Van Patten has seen this many times in his years of experience as a weed cultivator. “People come up with these names, and it’s all BS,” he tells Inverse. “I figured this out about 30 years ago, and it’s been driving me nuts ever since then. That’s why I love my good friends over at Phylos BioScience. They’re the only ones that have paid attention.”

George Van Patten, better known as Jorge Cervantes, has written many books on cannabis cultivation. He used his pseudonym for decades, since his trade was illegal. In recent years, he has become more public.

Jorge Cervantes

Indeed, Karassik and his colleagues have taken note of the sorry state of the industry. “We took all these samples, and lo and behold, it turns out a bunch of these samples are just the same thing with different names,” Karassik says.

So what can breeders do to create legit varieties? Van Patten says people need to start breeding marijuana just like they’d breed any other agricultural crop.

Crossing different varieties can create unique products, and in a growing legal cannabis marketplace, people are hungry for the next hot thing. But Van Patten and Karassik agree that this is how unstable varieties are created.
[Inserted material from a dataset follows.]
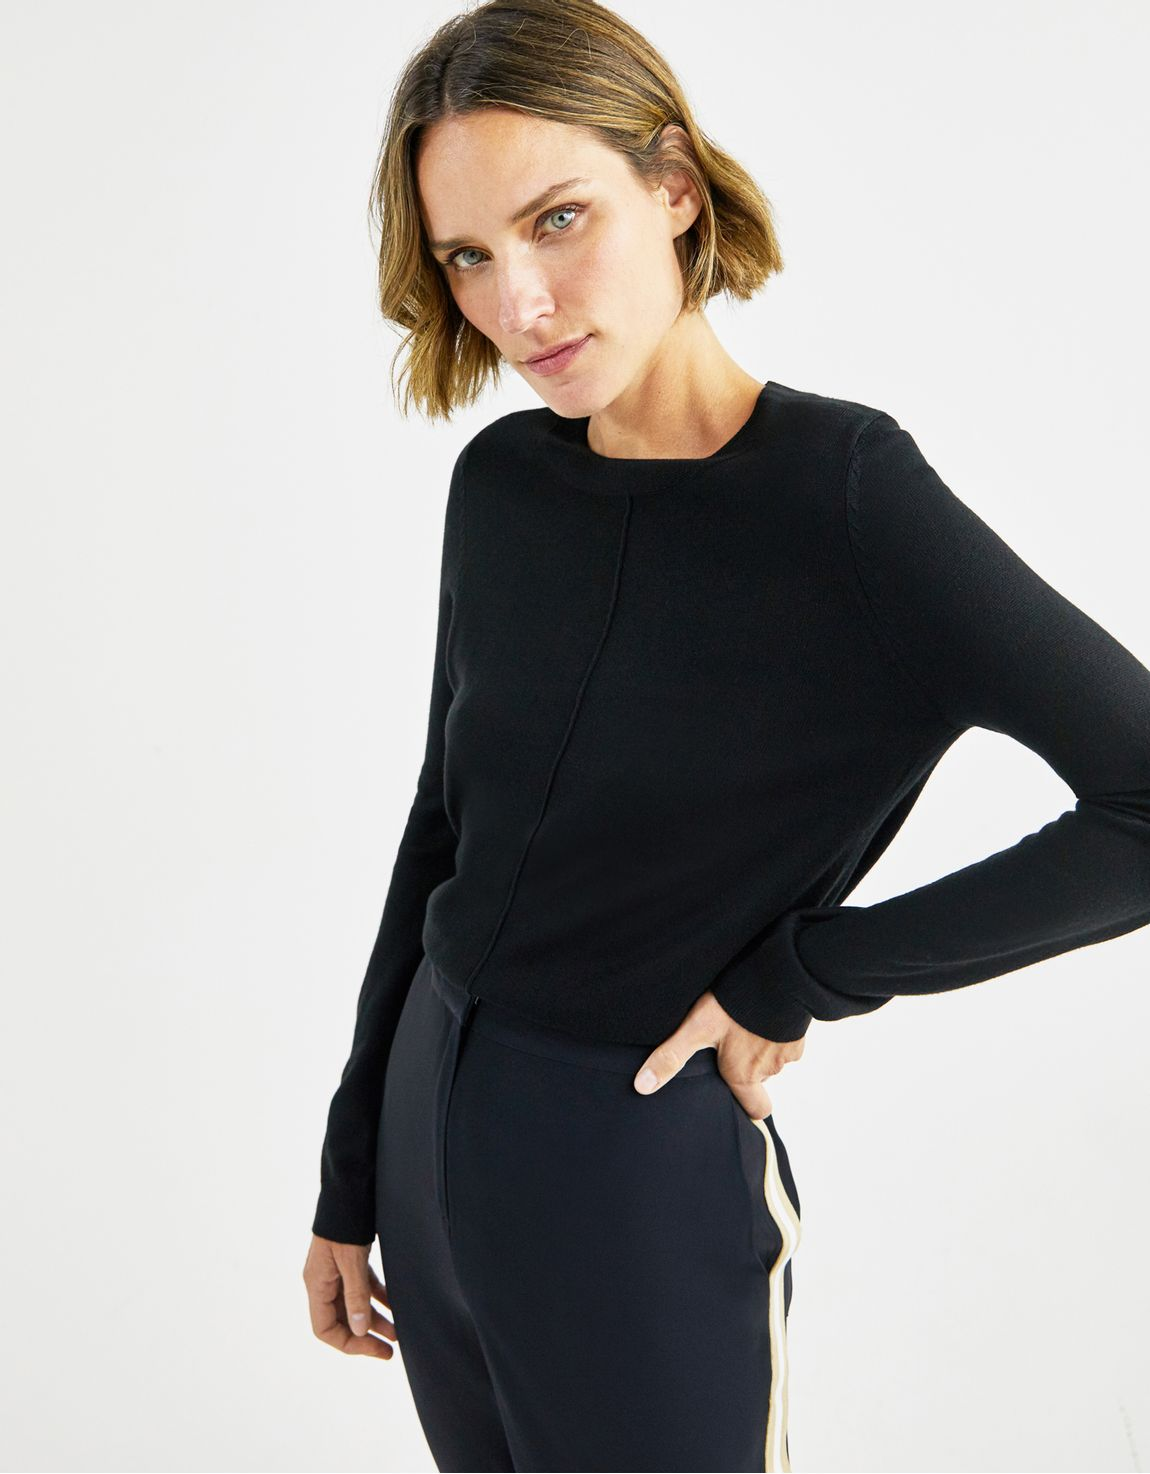 Blusa tricot basico decote redondo

“People want a new variety every year,” Van Patten complains. “A lot of these breeders are smart, but not really educated [about genetics]. They start throwing pollen around, they get something that’s relatively stable, and they release it as a new variety. They’ll sell 10 seeds, and of those 10 seeds, they won’t be stable. Out of 10 seeds, three of the plants look the same.”
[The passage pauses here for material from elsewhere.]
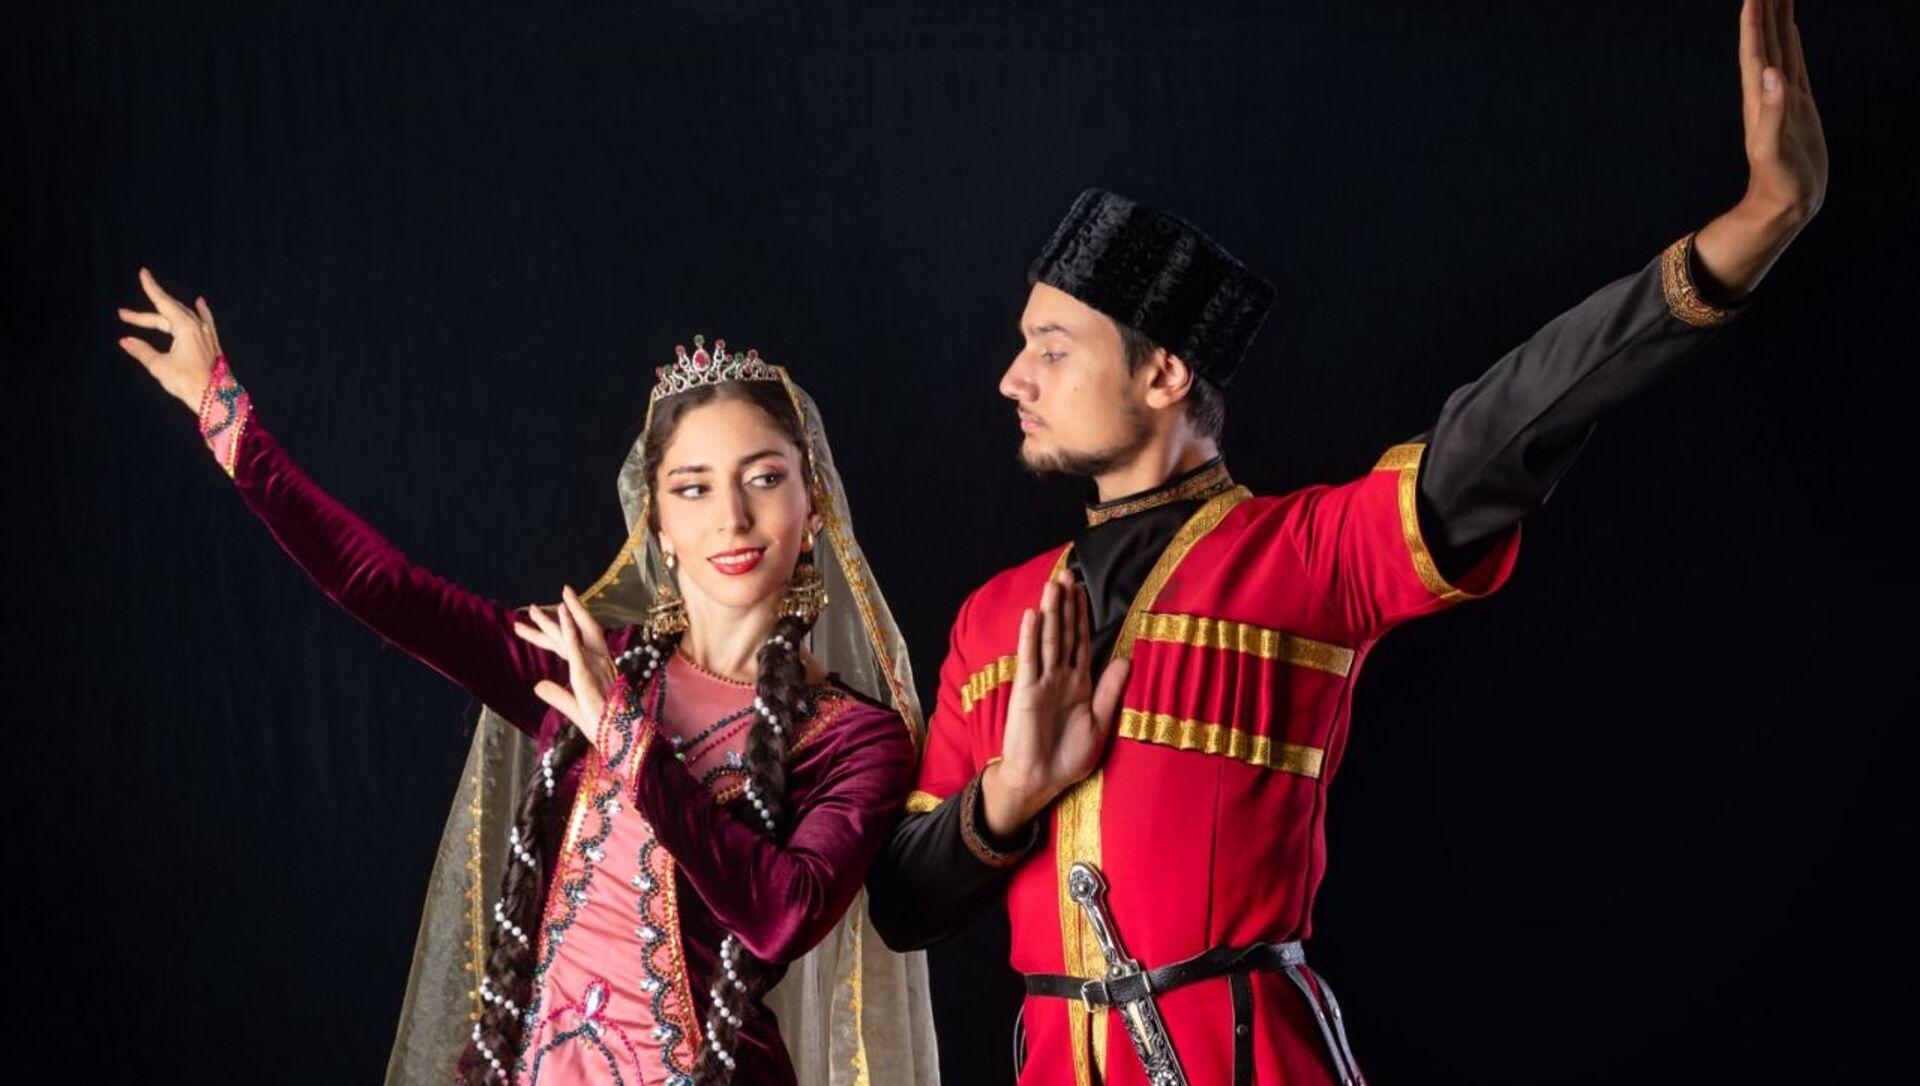 X Международный фестиваль народного творчества Золотое кольцо-2021 - Sputnik Азербайджан, 1920, 11.09.2021

To prevent this from happening, Karassik and Van Patten say that breeders must create new varieties from within the group, just like someone breeding any new variety of plant or animal would do. For example, if you breed a black lab with a black lab, you can be reasonably certain that the puppies will look roughly like their parents. This is because when humans bred black Labrador retrievers, they didn’t just stop with the first black dog. They bred the black dogs together until they reliably produced offspring that look like the black lab we know today. This is a stable variety.
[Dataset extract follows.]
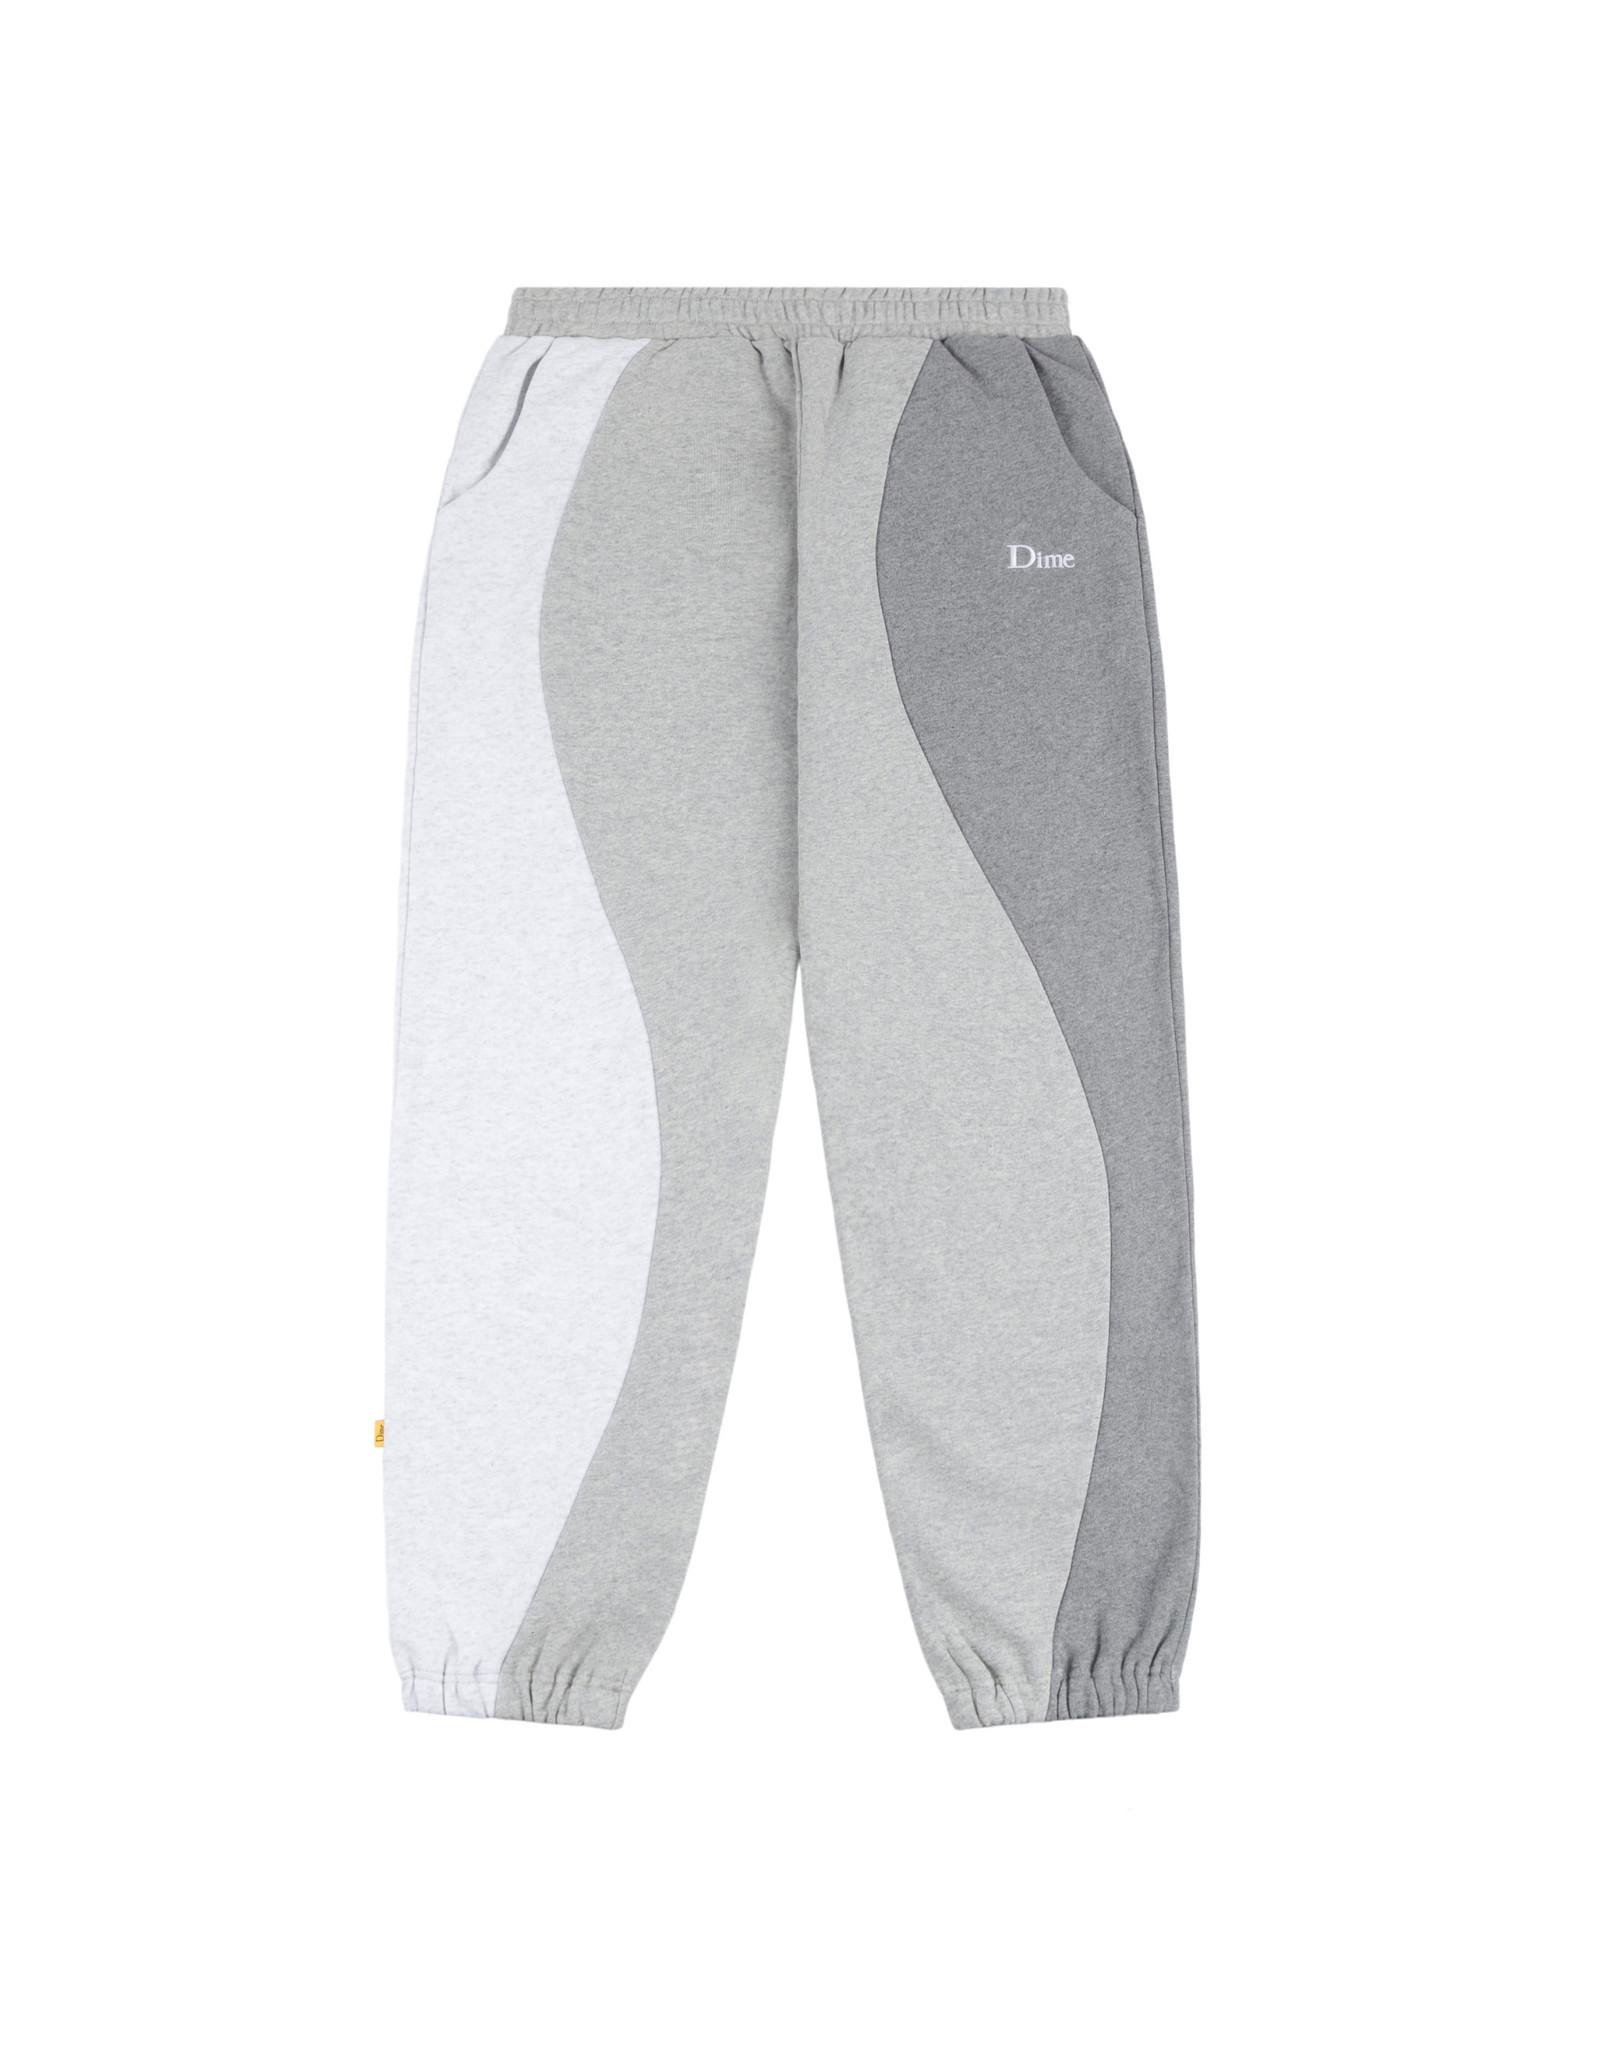 DIME Wavy 3-tone sweatpants

By contrast, when you breed a Labrador with a poodle, you get a labradoodle, which is what’s known as an F1 hybrid. If you breed two labradoodles together, odds are you’ll get something other than a labradoodle. You might get some puppies that look like labs, and some that look like poodles, and maybe some that look like labradoodles. That’s because a labradoodle is an unstable variety.

Van Patten and Karassik both want to see members of the cannabis industry — who have started to be more public in recent years — conduct themselves in the same way that other farmers have for decades: creating stable varieties with rigorous breeding programs instead of being satisfied with unreliable novelties.

Previously, prohibition meant that breeders and growers strove for high potency marijuana above pretty much everything else; these days the cannabis industry has opened up in exciting ways, making room for something resembling the wine industry more than an illegal drug market. Of course, marijuana remains illegal in many parts of the United States and around the world, but in places where it’s legal, people like Van Patten and Karassik are trying their best to make the industry a little more scientific.